Swedish/Kurdish violinist Brusk Zanganeh leads an active performing career as soloist and chamber musician. Since making his
concerto debut at age twelve, Brusk has performed as soloist throughout north/south America, the UK, Asia, Middle East and
continental Europe. He also has a genuine interest in Kurdish music tradition/improvisation and has played with renowned
musicians in this genre.

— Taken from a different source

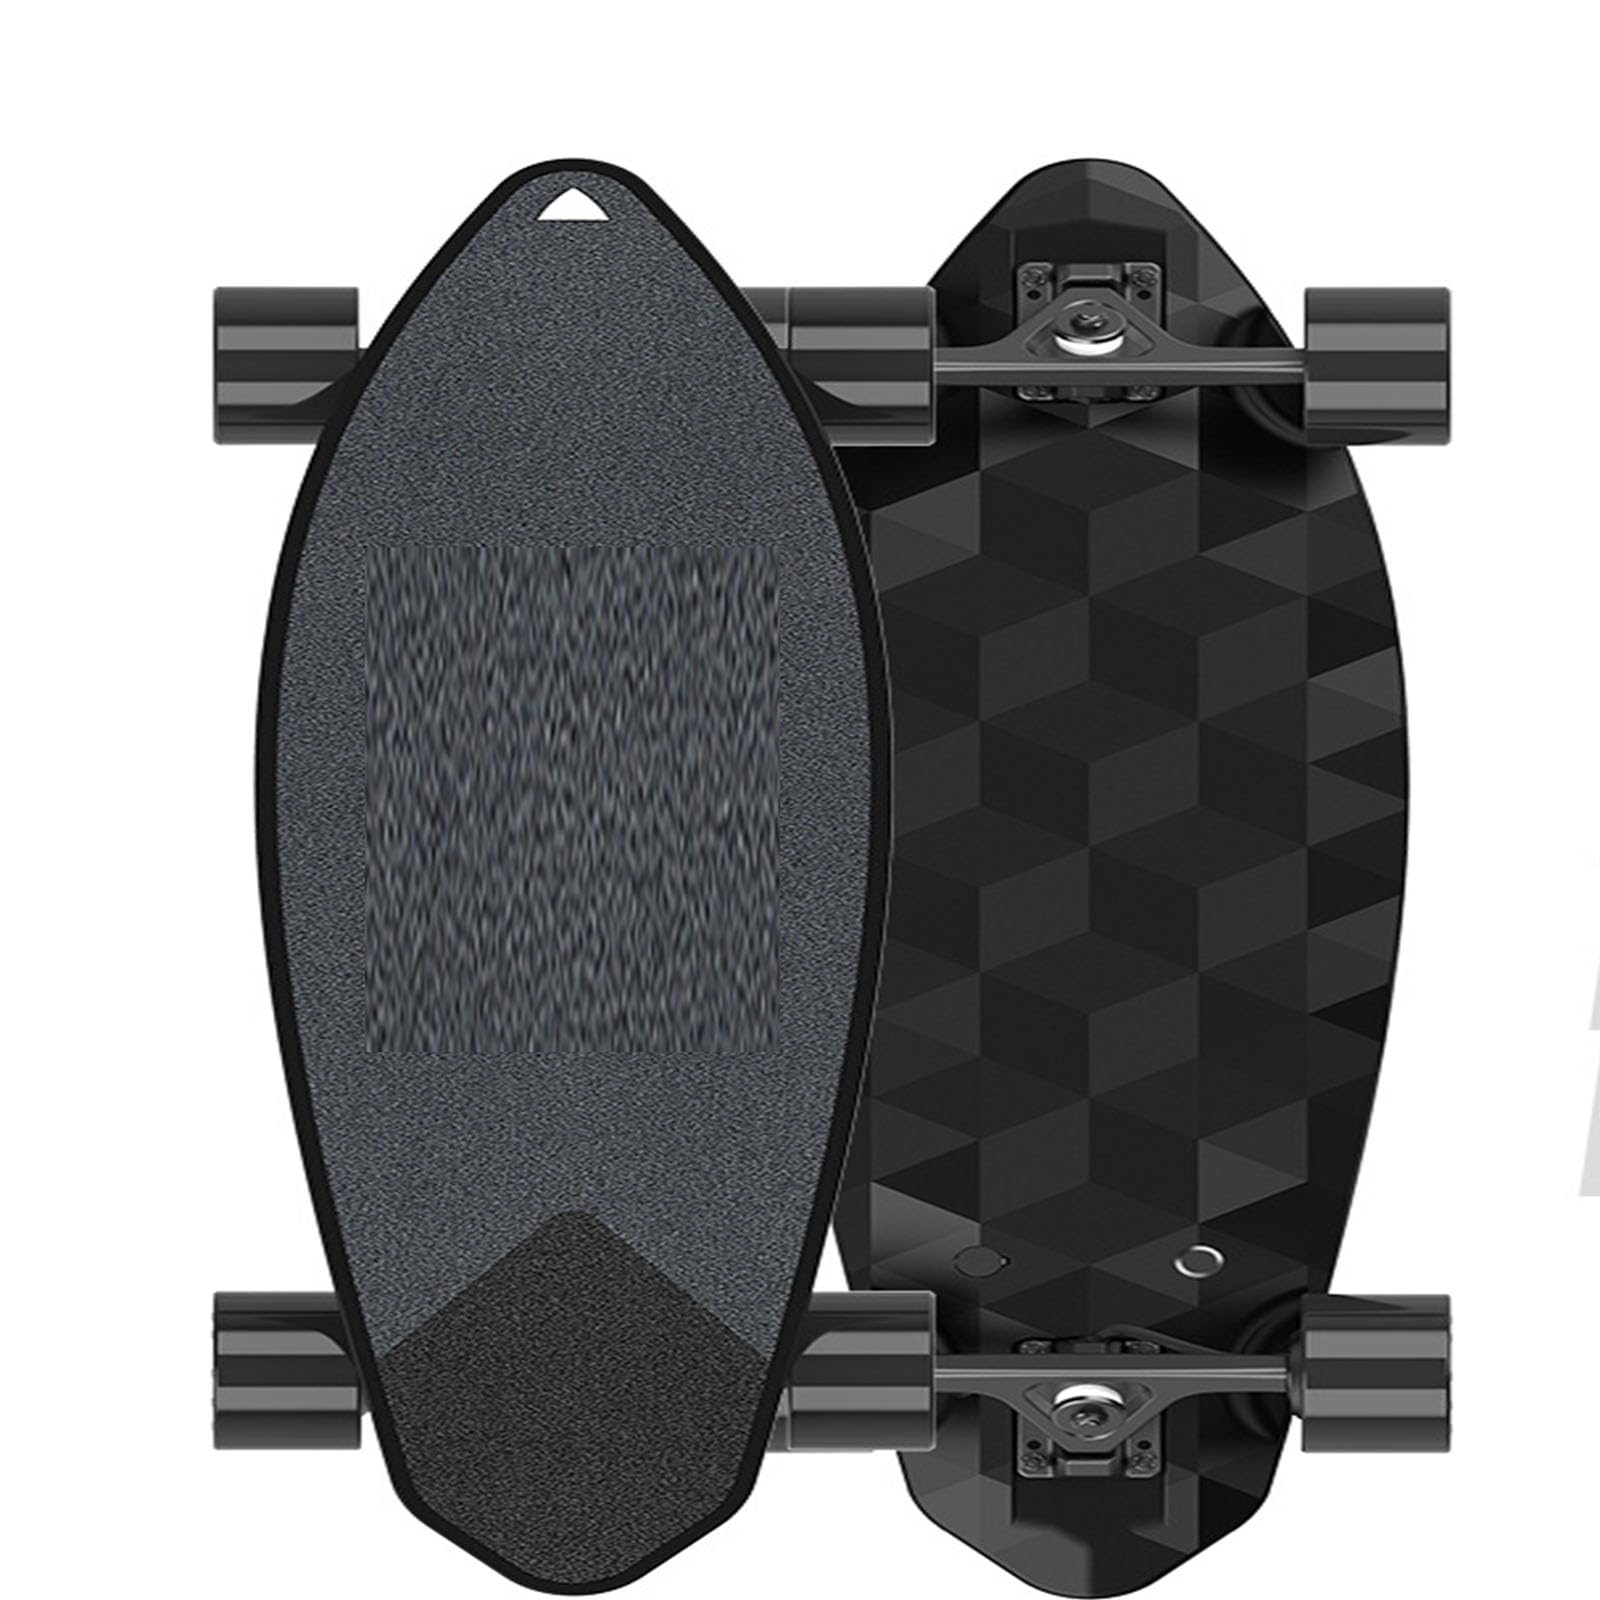 Elektrisches Skateboard für den Transport, superlange Ausdauer, hohe Geschwindigkeit, kein Zittern, doppelschichtiges stoßdämpfendes und elektrisches Skateboard für Erwachsene ( C)

Today Brusk is violinist in Uppsala Kammarsolisterna and Concertmaster in Uppsala Chamber
Orchestra.Brusk plays on a Gennaro Gagliano kindly on loan from the Järnåkerfonden and a P. Westerlund Violin.

Per Nyström is a Swedish cellist, co-founder & artistic advisor of Old Ox Chamber Music, which in ten years has become one of the
world’s biggest platforms for classical festivals & master classes, attracting the most sought- after classical artists and professors.
Old Ox is an active influence in the international chamber music life by its extensive production of concerts, festivals, network
building, and master classes for young artists from all over the world.

He is the co-founder of The Yggdrasil String Quartet, 1990 – 2001, Sweden’s most internationally acclaimed and successful string
quartet. The Yggdrasil Quartet emerged as one of the most exciting new string quartets in the 1990s and became a champion of
new quartet music in Europe. After intense study with György Kurtág and Norbert Brainin the quartet were prizewinners in the
major string quartet competitions in London and Melbourne. With several award-winning recordings the Yggdrasil Quartet started
an international career with about 100 concerts a year worldwide, playing string quartet on a full-time basis with a repertoire
embracing some 250 works. Their first recording was a set of string quartets by Icelandic composer Jon Leifs, which went on to win
the Cannes MIDEM Award for the best chamber music disc of 1996. They also recorded the complete quartets of their
countryman Franz Berwald. This release was nominated for a Gramophone Award. During 1995-2000 the Yggdrasil Quartet was
Quartet in Residence at the University of Aberdeen, Scotland, where the members are Honorary Fellows for life.

Per is often engaged as principal cellist in many Nordic chamber – and symphony orchestras, and frequently invited as a guest
soloist at international chamber music festivals.

Per’s cello is a Giuseppe & Antonio Gagliano of Naples from 1796 on which he recently started to record all the Bach suites for solo
cello. He was awarded the ‘Litteris et Artibus’ medal by the Swedish King for his achievements as a cellist in 2013.